- March 10, 1810
Sir Samuel Ferguson (10 March 1810 – 9 August 1886) was an Irish poet, barrister, antiquarian, artist and public servant. He was an acclaimed 19th-century Irish poet, and his interest in Irish mythology and early Irish history can be seen as a forerunner of William Butler Yeats and the other poets of the Irish Literary Revival.
Ferguson was born in Belfast, Ireland (now Northern Ireland) the third son of John Ferguson and Agnes Knox. His father was a spendthrift and his mother was a conversationalist and lover of literature, who read out the works of Shakespeare, Walter Scott, Keats, Shelley and other English-language authors to her six children.
Ferguson settled in Dublin, where he practiced law. In 1846, he toured European museums, libraries and archaeological sites with strong connections to Irish scholarship.
He married Mary Guinness (1823–1905) in 1848, a great-great-niece of Arthur Guinness, and the eldest daughter of Robert Rundell Guinness who founded the Guinness Mahon bank. At that time he was defending the Young Irelander poet Richard Dalton Williams. He retired from the bar in 1867 when he was appointed First Deputy Keeper of Public Records of Ireland.
As well as his poetry, Ferguson contributed a number of articles on topics of Irish interest to antiquarian journals. In 1863, he traveled in Brittany, Ireland, Wales, England and Scotland to study megaliths and other archaeological sites. These studies were important to his major antiquarian work, Ogham Inscriptions in Ireland, Wales, and Scotland, which was edited after his death by his widow and published in 1887.
His collected poems, Lays of the Western Gael was published in 1865, resulting in the award of a degree LL.D. honoris causa from Trinity. He wrote many of his poems with both Irish and English translations. He received a knighthood in 1878.

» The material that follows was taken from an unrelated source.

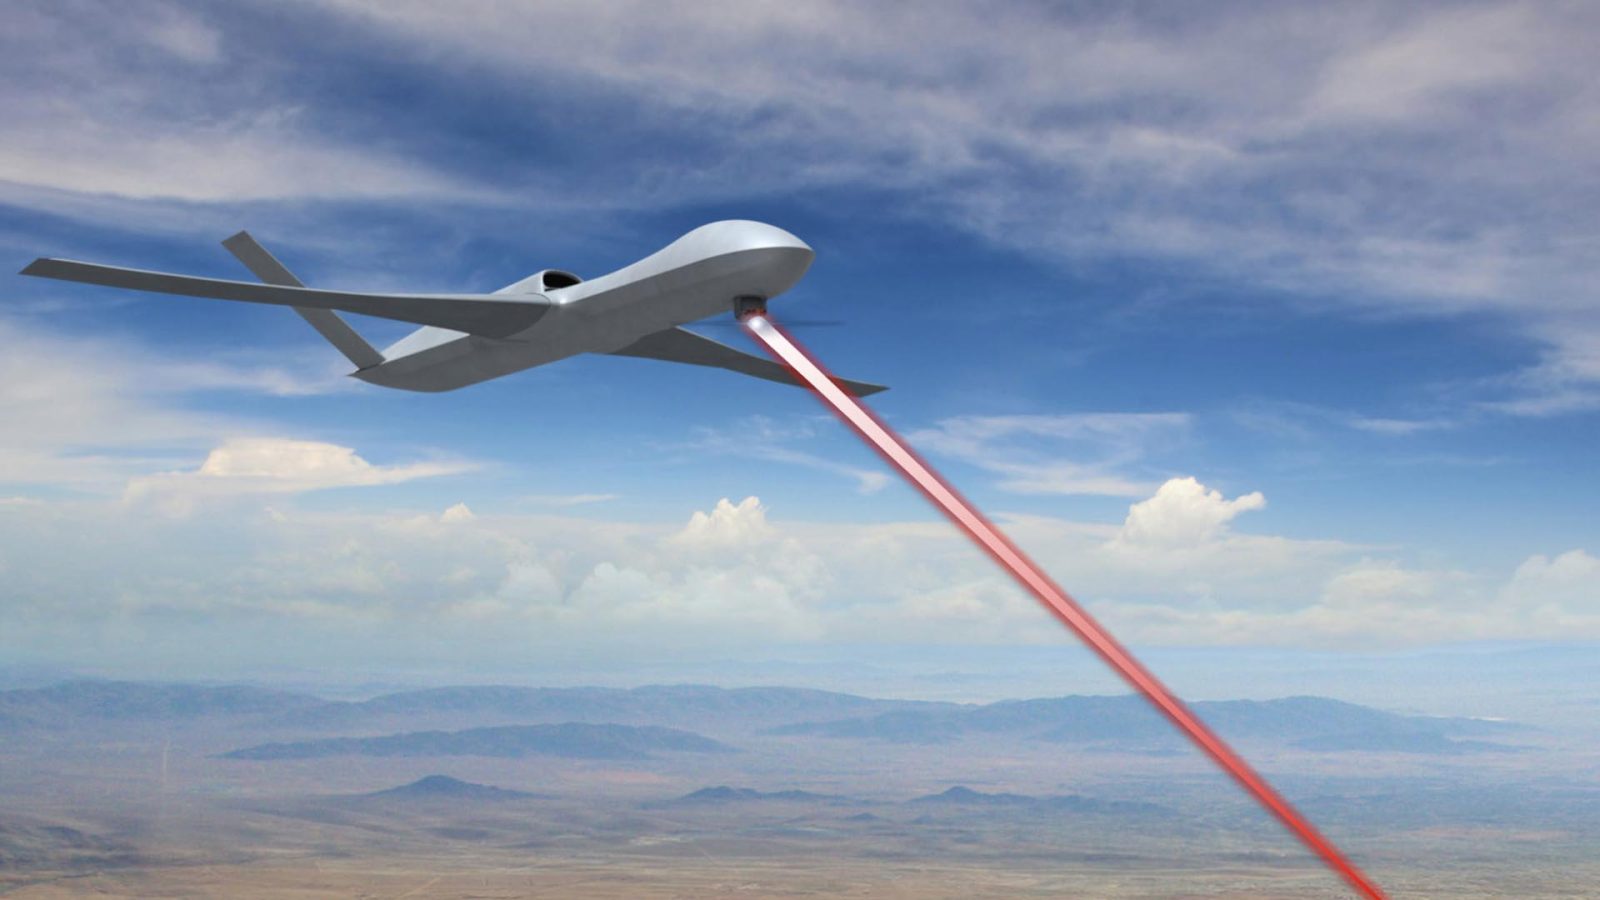 DARPA drones recharging
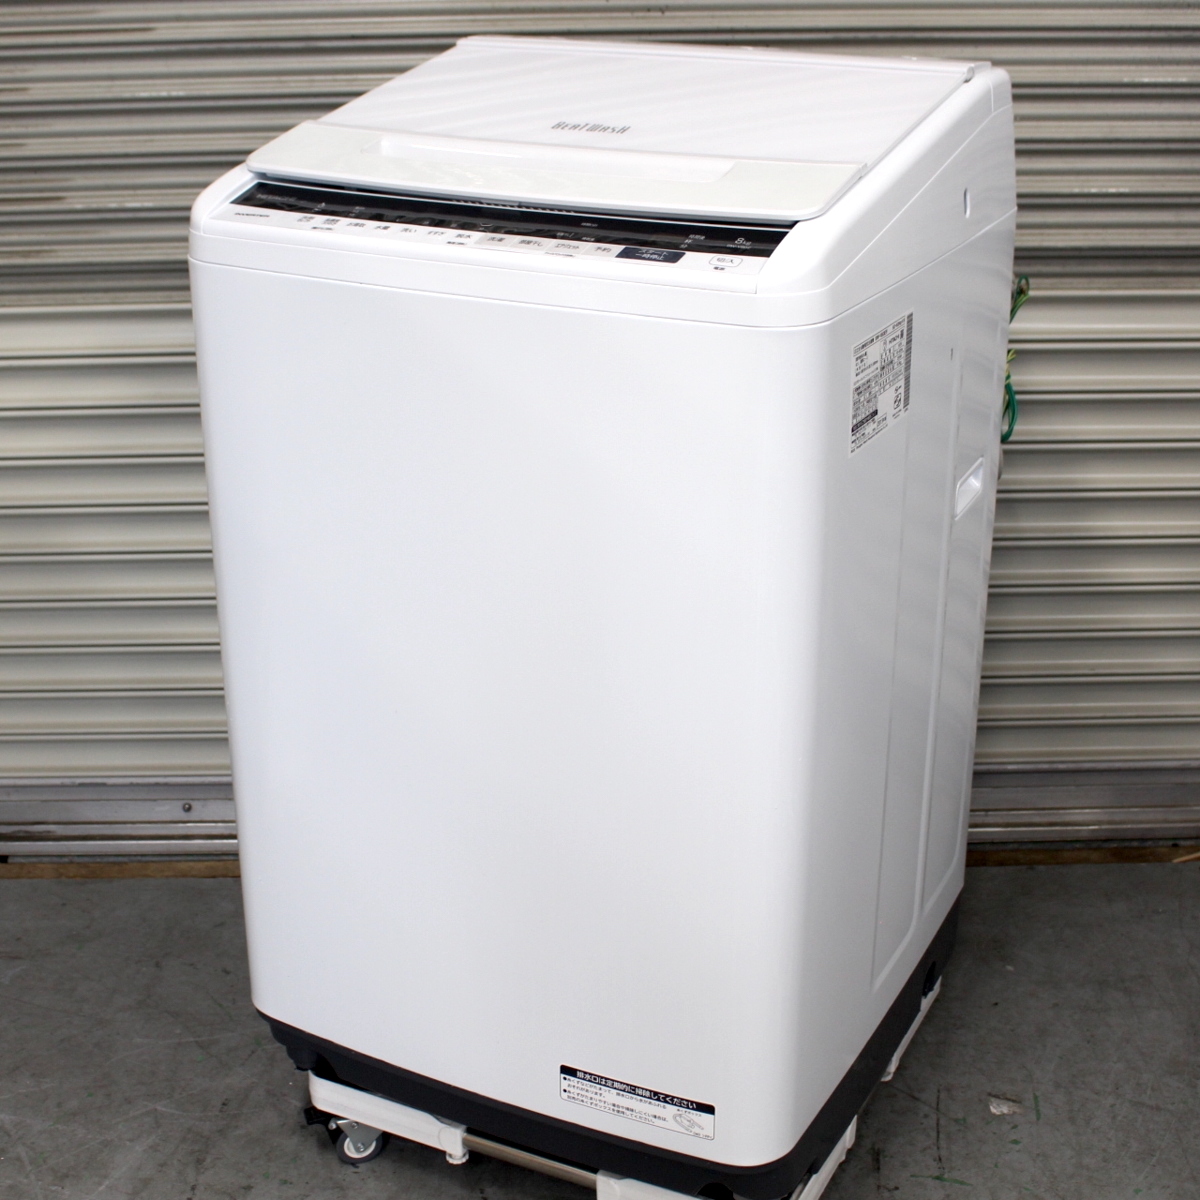 東京都品川区にて 日立 洗濯機 BW-V80E 2019年製 を出張買取させて頂きました。

Ferguson’s major work, the long poem Congal was published in 1872 and a third volume, Poems in 1880. In 1882, he was elected president of the Royal Irish Academy, an organisation dedicated to the advancement of science, literature and antiquarian studies. His house in North Great George’s Street, Dublin, was open to everyone interested in art, literature or music.
Ferguson gave the Rhind Lectures in 1884, on ‘Ogham inscriptions in Ireland and Scotland’.
He died in Howth, just outside Dublin city, and was buried in Donegore near Templepatrick, County Antrim.